The nation’s automated clearing house network handled 7.5 billion transactions in the fourth quarter of 2021, up 6.1% over the same period in 2020, Nacha reported Thursday. The growth was driven largely by gains in health-care and business-to-business payments, as well as robust increases in same-day ACH, the network’s faster-payments service.
Payments on the 48-year-old network, which connects virtually every bank in the country, totaled 7.5 billion for the quarter, up by 426 million over the same quarter in 2020. Dollar value came to $18.9 trillion, up 13.4%. While showing impressive gains, the big network’s fourth-quarter performance fell short of the fourth quarter of 2020, when Nacha reported transactions grew by 577 million, good for a nearly 9% increase over the final quarter of 2019.
Same-day activity, which includes both credits and debits, has shown vigorous growth since the introduction of same-day credits in 2016. Debits followed the next year. Total same-day volume came to 169.3 million transactions in the fourth quarter, up 75% year-over-year. Dollar volume was $268.4 billion, a 93% increase. With same-day processing, transactions are moved and settled on the same day they are initiated. Traditionally, ACH transactions follow a next-business-day settlement routine.

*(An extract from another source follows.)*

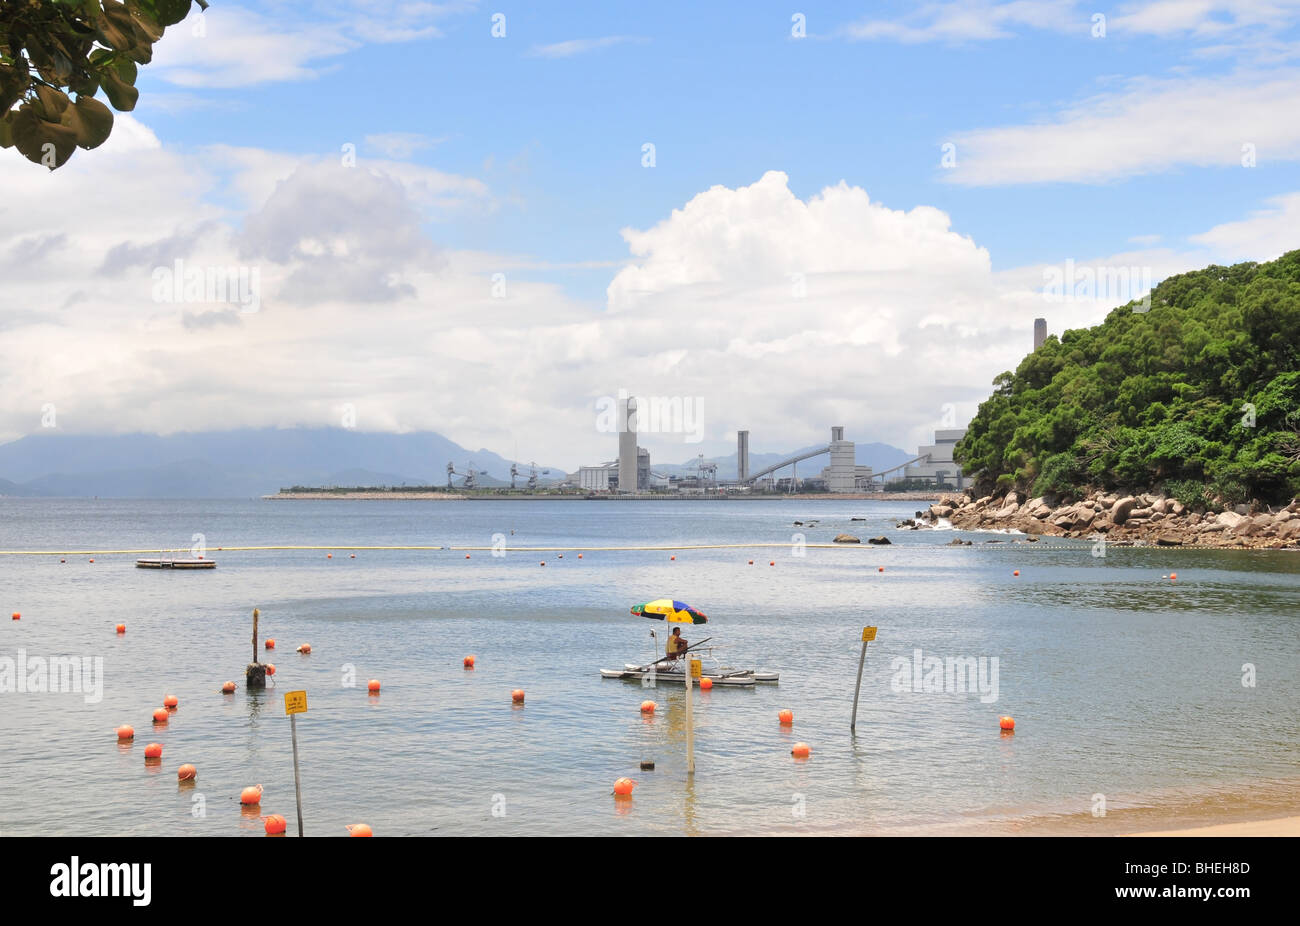 Lifeguard sitting on a floating platform, against a Lamma Power Station backdrop, Lo So Shing Beach, Lamma Island, Hong Kong Stock Photo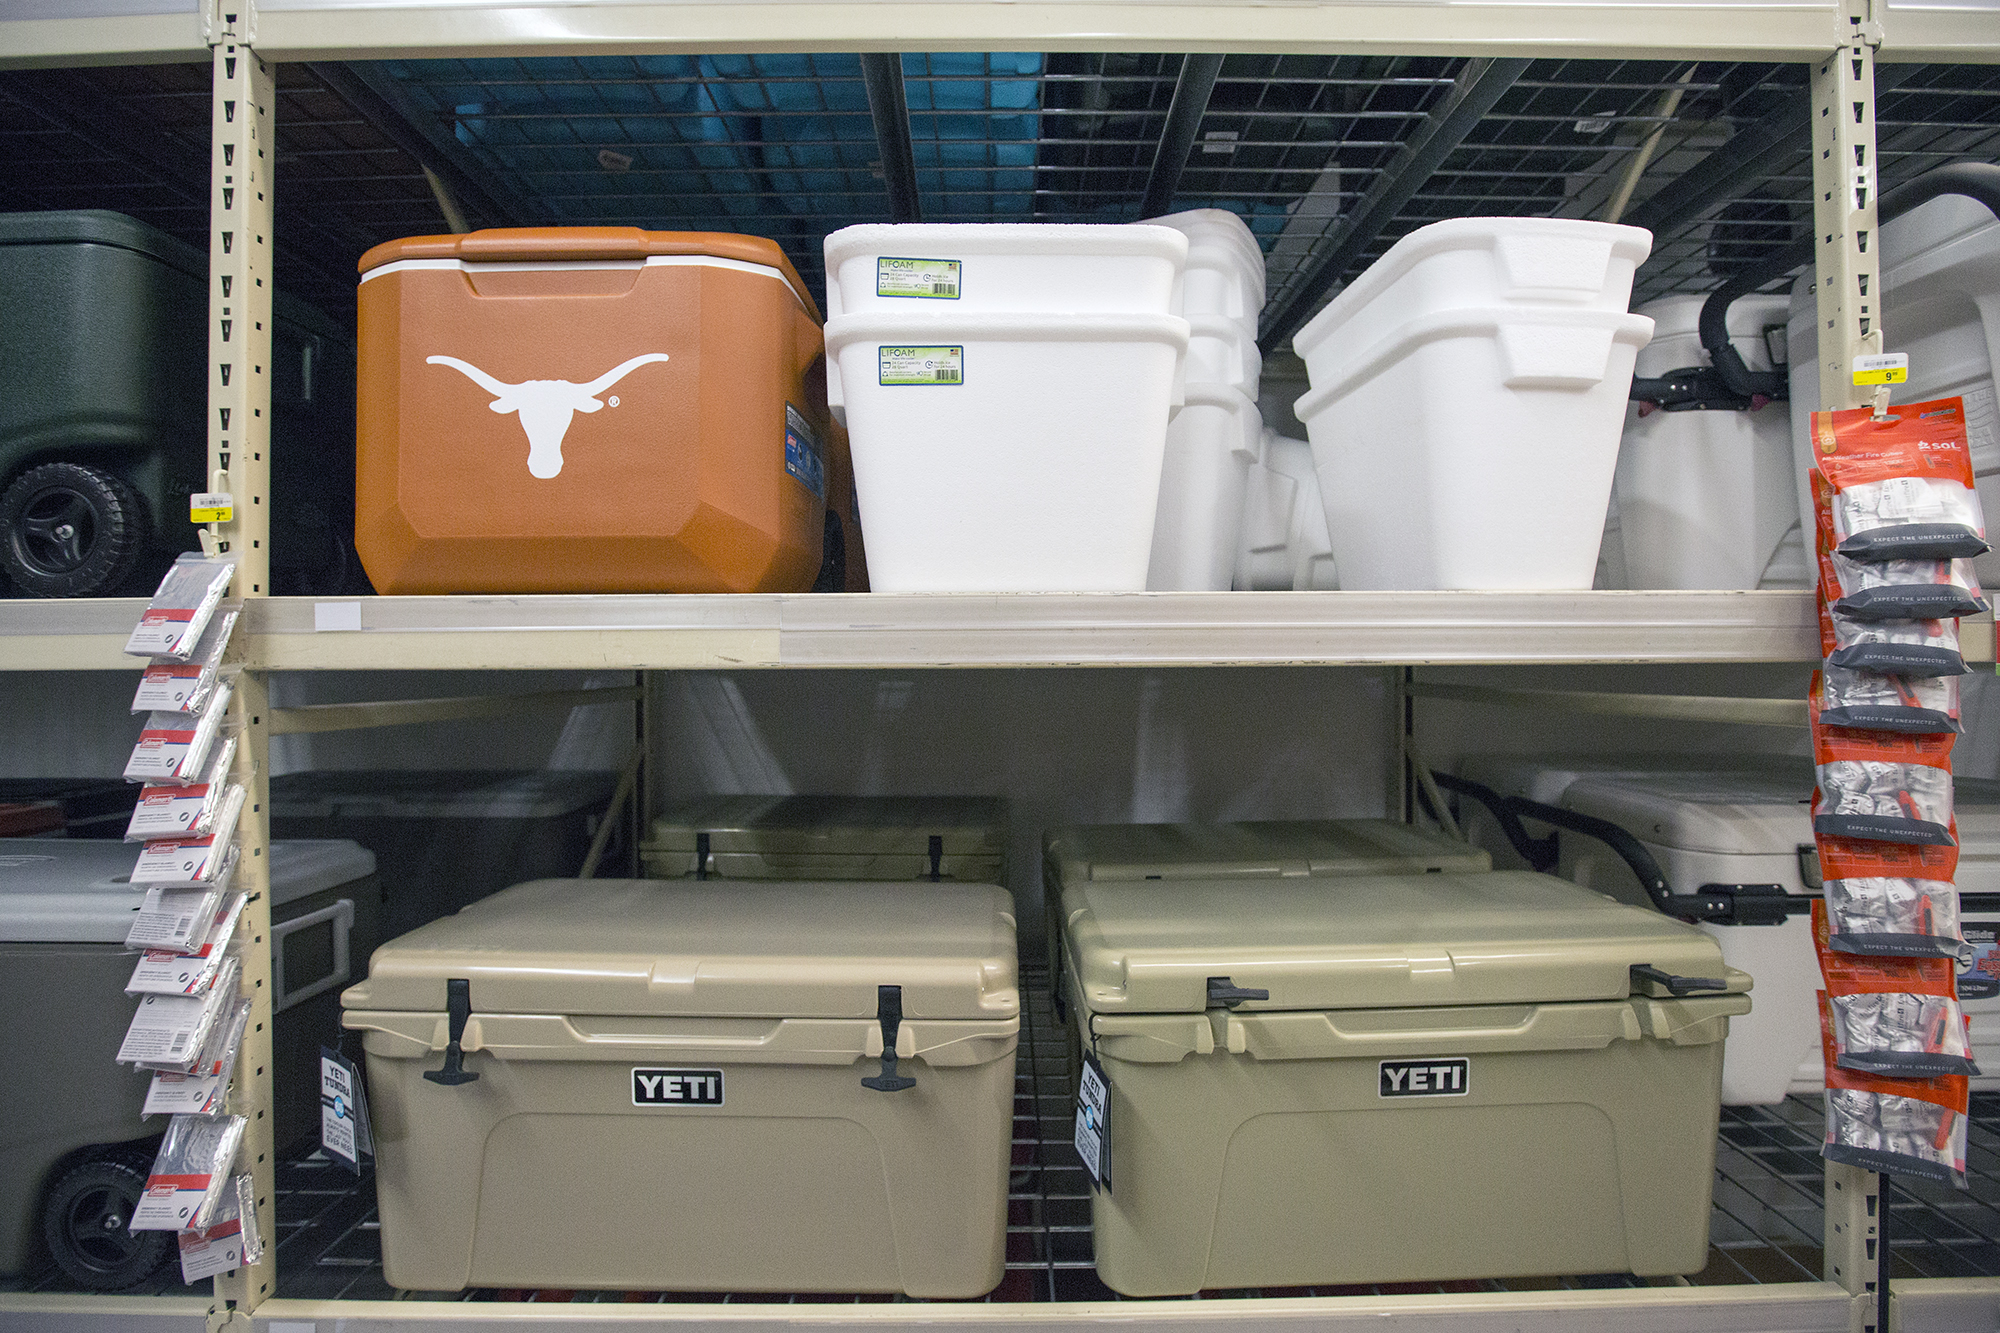 Licensed Texas Tech University YETI Coolers

Same-day activity will get another boost from a network rule change expected to take effect in March. The new rule will lift the cap on same-day transactions to fully $1 million, a 10-fold increase from the current limit. That change was widely requested by ACH participants.
The decision to raise the limit follows other moves Nacha has made recently to facilitate same-day ACH. In March last year, the network added a new settlement window at the end of the processing day to extend the time in which banks can handle same-day items. As a result, the latest daily deadline for same-day ACH has moved to 4:45 p.m. Eastern Time, two hours later than the former cut-off. The move in part was a response to banks in the Pacific time zone that now have more leeway to enter same-day volume.
Business-to-business volume, meanwhile, totaled 1.4 billion transactions for the quarter for a robust 17.4% increase year-over-year. That growth rate was followed by health-care payments, which grew 13.4% to 112.2 million. Internet transactions came to 2.3 billion, up 12%, while the peer-to-peer category posted a 3.5% growth rate to finish the period with 64 million transactions.
“The fourth-quarter results reaffirm what we have been seeing almost from the start of the pandemic: a sustained move to electronic payments among businesses, consumers, and governments,” Jane Larimer, Nacha’s president and chief executive, said in a statement. Nacha said it expects to release full-year network numbers for 2021 “on or about” Feb. 3.